The rest of the summer was defined by a marked change in his behaviour towards you. While it was hardly _friendly_ – in any normal sense of the word, at least – Watanuki appeared to have given up on keeping you and he apart. Whether this was due to resignation or genuine warming-up to you, you didn't know; you didn't really care. You couldn't really imagine Watanuki without his prickles and suspected that the only time they disappeared was when he curled tightly enough that they blended together and completely closed him off. In a strange way, you supposed, the prickles were a sign of trust.

You were aware that Watanuki-analysis had become a hobby of yours lately, but didn't really think too much of it beyond the fact that you enjoyed having a friend. It was even worth the requirement that you now be social – to a certain extent – and of course the omnipresent prickles.

Life continued. The bar you worked at hired a new hostess, who quickly took to giggling with several of the other girls who worked there. You ignored them for the most part rather than deal with actual conversation, if one could call it that, but a few weeks into her induction to the staff the new hostess approached you herself as you finished your shift.

"Uh… it's Doumeki, right?" she asked nervously.
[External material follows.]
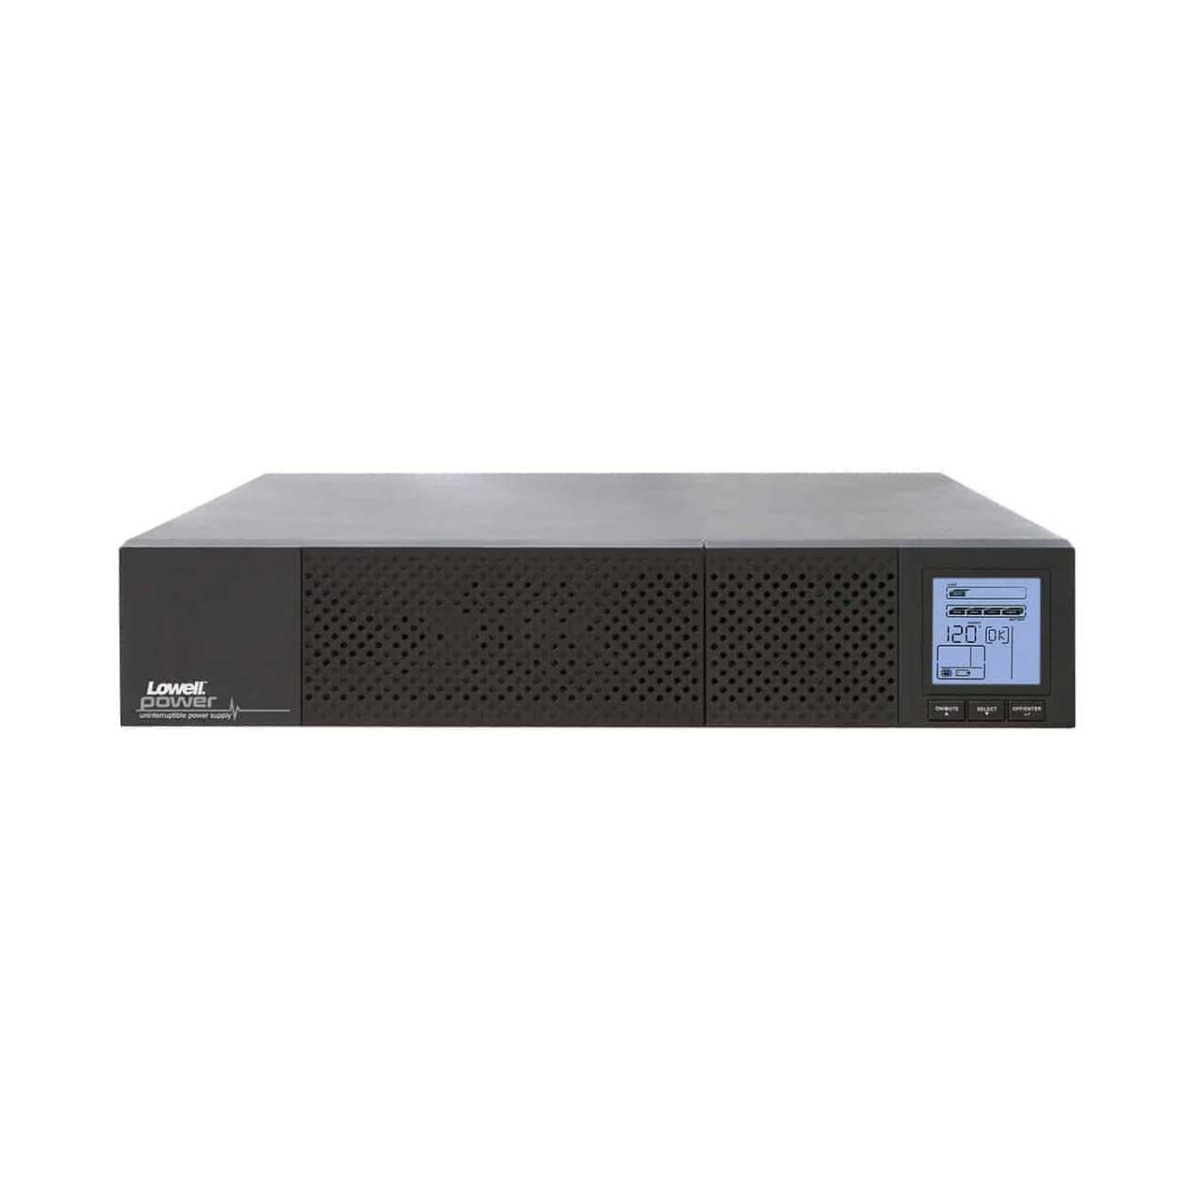 Picture of Lowell Manufacturing LMC-UPS8-1100 UPS8-1100 Line-Interactive UPS - Lead-Acid - 1100VA - 990W

You hadn't bothered telling anyone your first name, so without any confusion you nodded. "I was, like, wondering if you were doing anything after work?"

You nodded again. You had plans to go home, maybe study, but definitely sleep.

"Oh." She looked disappointed for a moment, and then plowed on. "With your girlfriend, huh?"

"No," you said."

"You don't have a girlfriend?"

"I don't."

Her hopeful smile returned, and you sighed inwardly, recognising the signs that the time for a solid rejection was close at hand. "Then are you busy tomorrow night?" she inquired too casually.

"I'm not interested. I apologise," you told her before she could get her hopes any more than she already had.

She sighed in dejection. "Who _are_ you interested in?" she asked, glancing around the room as if she could learn the answer if she looked hard enough. "Any of the girls_here_?"

"No," you told her once more. It was the truth, after all. Romance had never been a priority for you, and as for interest… the way she meant it, you were unattached. But your "interests" lay elsewhere, in your schooling and your music. You didn't see the appeal in adding yet another element to the structure of your days.

"Oh. I'm sorry about that, then," she said, as if lack of a love life was a real loss. Then she gave you a look that could only be called speculative. "Unless… are you gay?"

For a moment you considered telling her yes simply to end the conversation, but with how the things had gone so far such a statement would only fuel the fire. And you really didn't see the point in lying about something like that, anyway. Your lack of interest was equal opportunity. "No," you said. "I'm simply not interested."

She stared at you as if such a concept was unthinkable, and you took the opportunity to make your exit before anything else could be asked or speculated about your nonexistent love life. You wondered why you had somehow earned the notice of not only she but many of the hostesses who had worked at the bar, despite an indifference that surely should have been easy to see. And you thought about it, and wondered why you didn't really have an interest n people at all – not only romantically, but simply in general.

That wasn't entirely true, though. There was Watanuki, after all, who had somehow caught and held your interest since last autumn. The hostess probably would have gone wild drawing all manner of conclusions from such knowledge.

And who knows, you found yourself thinking some time later in late August, having coaxed Watanuki into yet another picnic in the Golden Gate Park – she might even have been right.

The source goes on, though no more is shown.